# When did your puppy become "protective"?



## Agaribay805 (Jan 7, 2016)

Hi guys Im wondering when your puppy became "protective"? When did your puppy loose love for strangers? 

Last night we had the fire pit going outside and our 4 month old pup heard the neighbors. She barked up a storm! It was kind of cute lol She barks at random things here and there but last night it was different. She was letting us know people were there. She doesn't bark at strangers just yet when were out and about. Im just wondering when everyone else puppy when through that stage. Thank you


----------



## Jax08 (Feb 13, 2009)

Well at 4 months, your puppy is not being protective. She's being a brat and being reactive.

My dog started showing suspicion of certain people and started showing protective instincts at about 2 years. He doesn't like strange people near me when he's caged. On leash, he's fine. Caged, he'll bark. He went OFF when a guy I knew reached into the car to give me a hug. Loud, excited, voices and suddenly he was in my window. He rocked the car. Another time he was highly suspicious of a guy a hotel that had made a stupid comment as we were coming in the door. I couldn't put the leash down to get my coffee. He would not take his eyes off the guy. Literally had to drag him through the door backwards. Some vibe he picked up and I didn't.


----------



## Agaribay805 (Jan 7, 2016)

Jax08 said:


> Well at 4 months, your puppy is not being protective. She's being a brat and being reactive.
> 
> My dog started showing suspicion of certain people and started showing protective instincts at about 2 years. He doesn't like strange people near me when he's caged. On leash, he's fine. Caged, he'll bark. He went OFF when a guy I knew reached into the car to give me a hug. Loud, excited, voices and suddenly he was in my window. He rocked the car. Another time he was highly suspicious of a guy a hotel that had made a stupid comment as we were coming in the door. I couldn't put the leash down to get my coffee. He would not take his eyes off the guy. Literally had to drag him through the door backwards. Some vibe he picked up and I didn't.


Yeah I don't really think she was being protective, just suspicious! She's still my baby. Wow I was expecting for that to happen sooner than two years but thats ok. I get to enjoy my puppy longer. She completely stole my heart.


----------



## yuriy (Dec 23, 2012)

My dog's protective instincts started showing up around ~18 months.


----------



## Jax08 (Feb 13, 2009)

Suspicious maybe, but she was still being reactive to the sound and from what you are saying, you let her. You need to teach her that you are in charge. she shouldn't be barking at the neighbors or at people when you are out and about.


----------



## Fodder (Oct 21, 2007)

alert barking can be out of fear, nervousness, curiosity, excitement, announcing their own presence rather than alerting you of others - please do not assume any time soon that she's being protective, or even... "protective"

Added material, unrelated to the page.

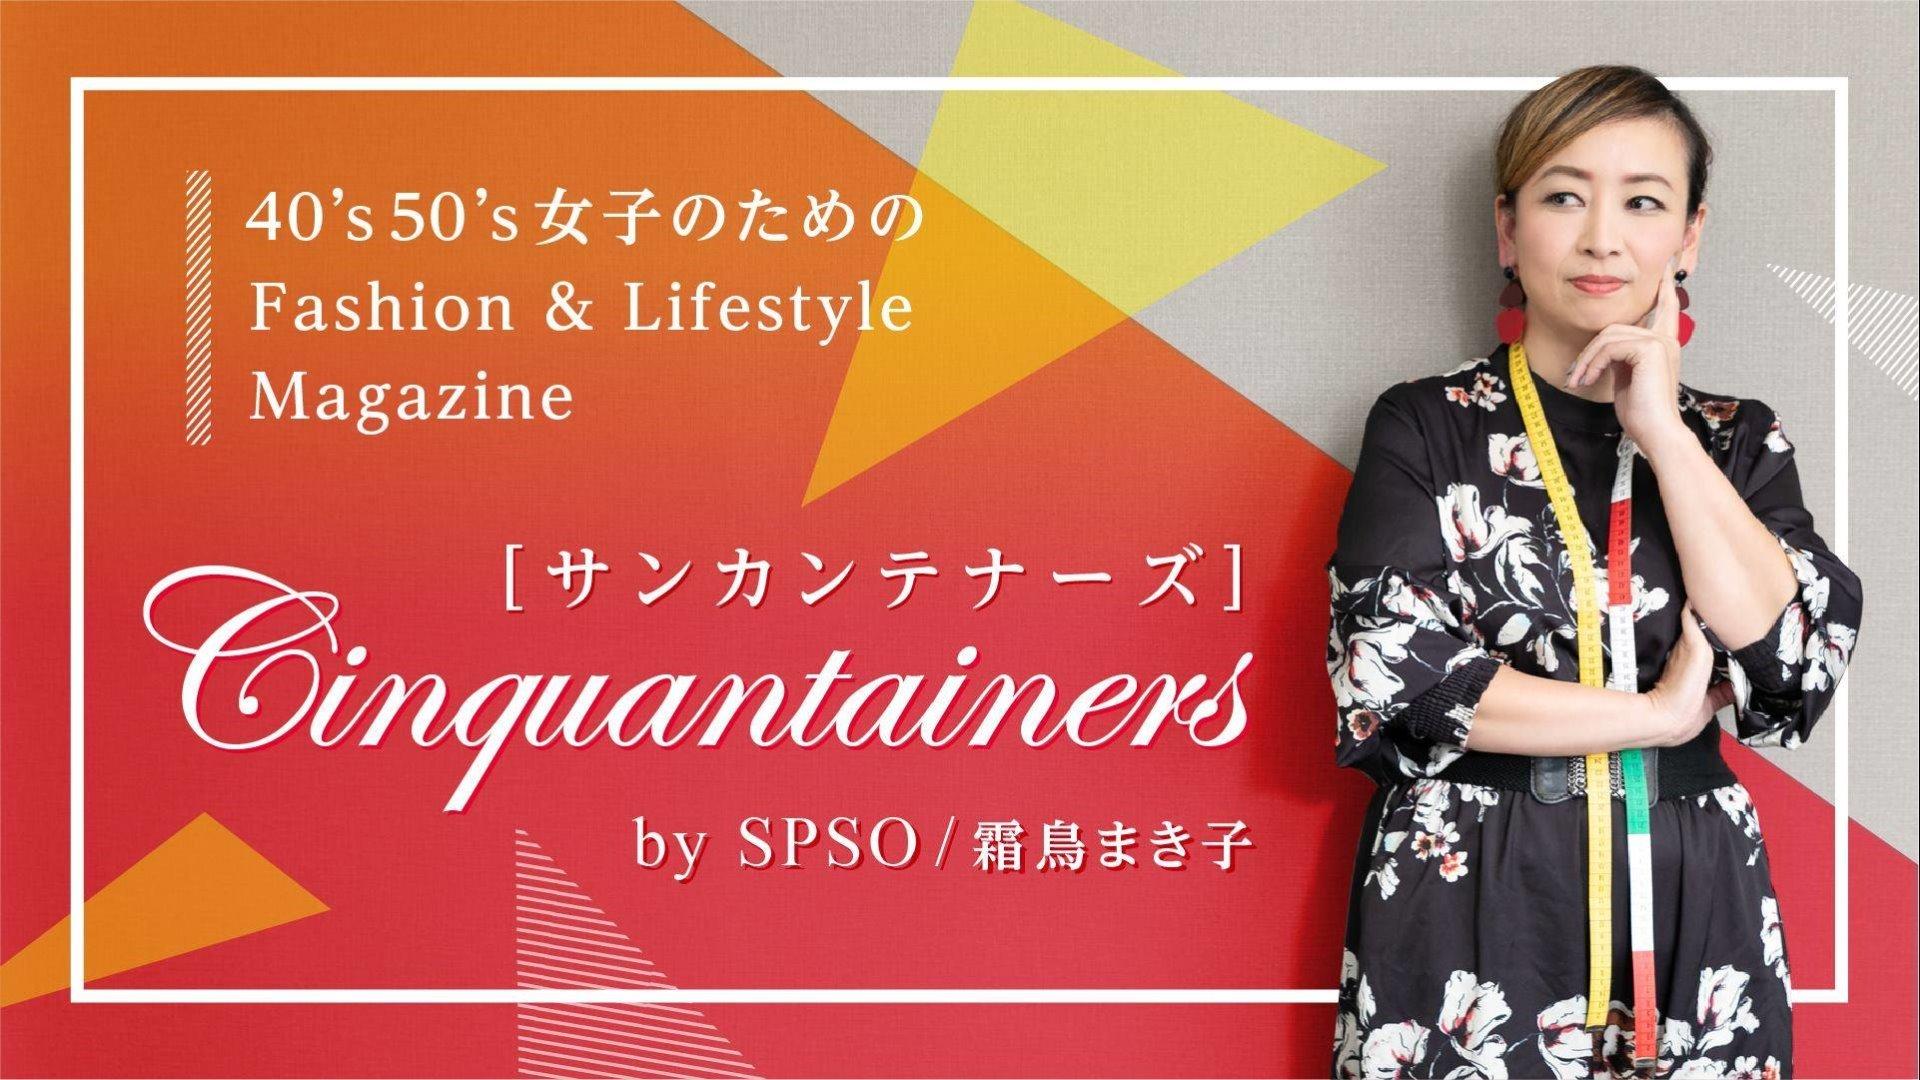 40代50代ファッション&ライフマガジン「サンカンテナーズ」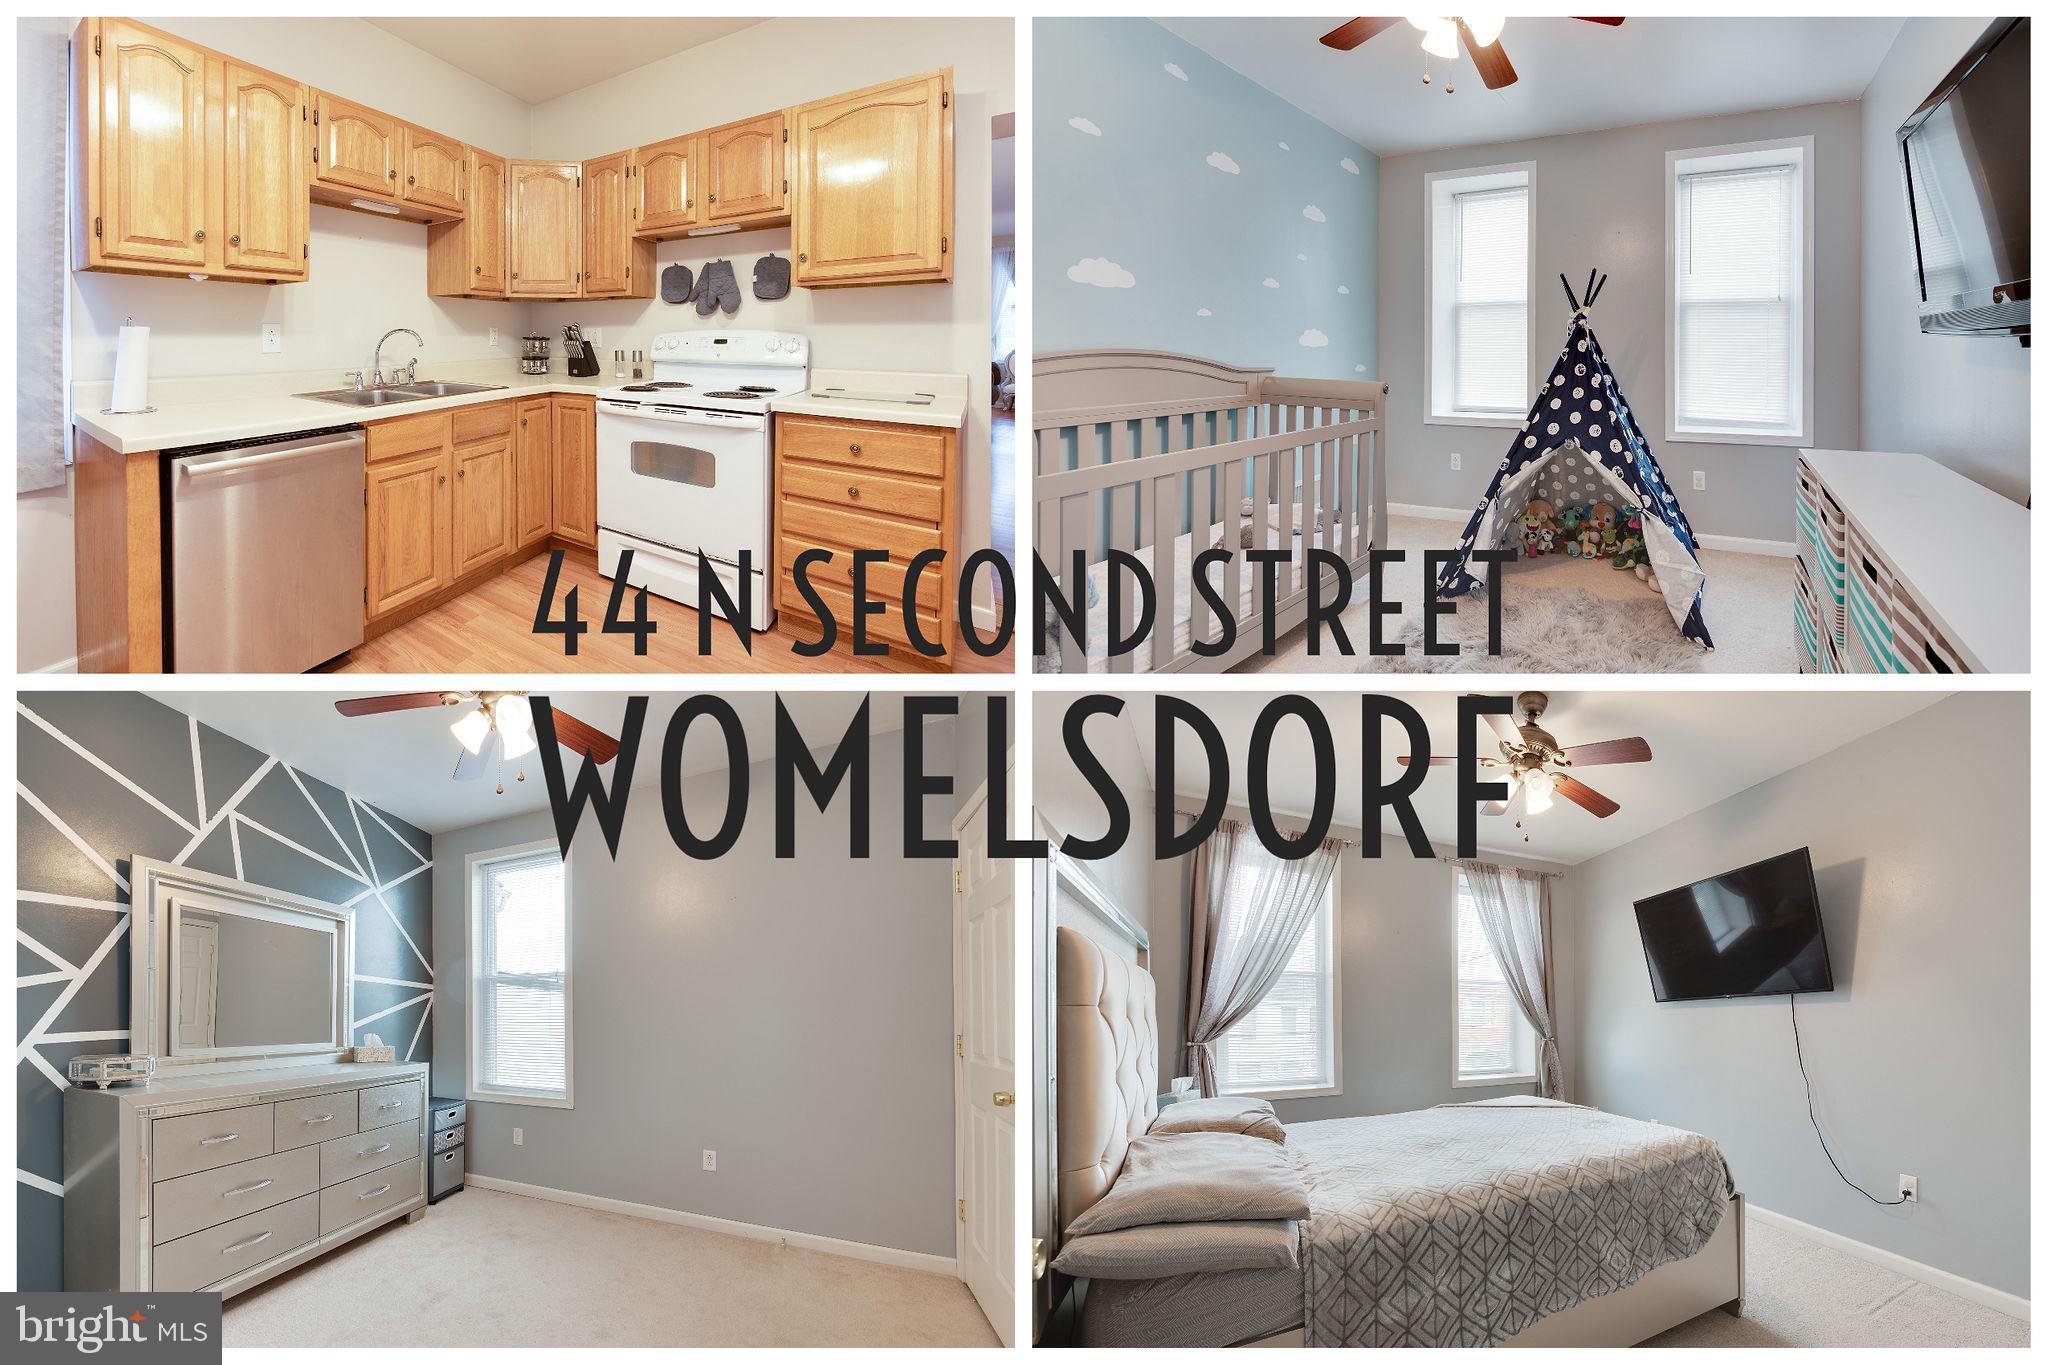 44 N 2ND STREET, WOMELSDORF, PA 19567

also, it should never be considered okay to bark at non threatening or unusual strangers when you're just out and about (I'm confused by the use of the word "yet" as if it's expected? or desired?)

of all of my shepherds, only 2 would I have considered to have protective qualities, both developed somewhere between 2 and 3yrs old... and both remained friendly towards non threatening or unusual strangers.

and I mention unusual because even if it's the largest, scariest looking person that we cross paths with - if that person poses no threat and is minding their own business... a sound and confident dog should take notice but not react. reactivity in that situation is lack of training, socialization or maturity to decern between threatening and non threatening. this why why people will tell you time and time again that puppies aren't being protective (or "protective"), they just don't have that level of judgement.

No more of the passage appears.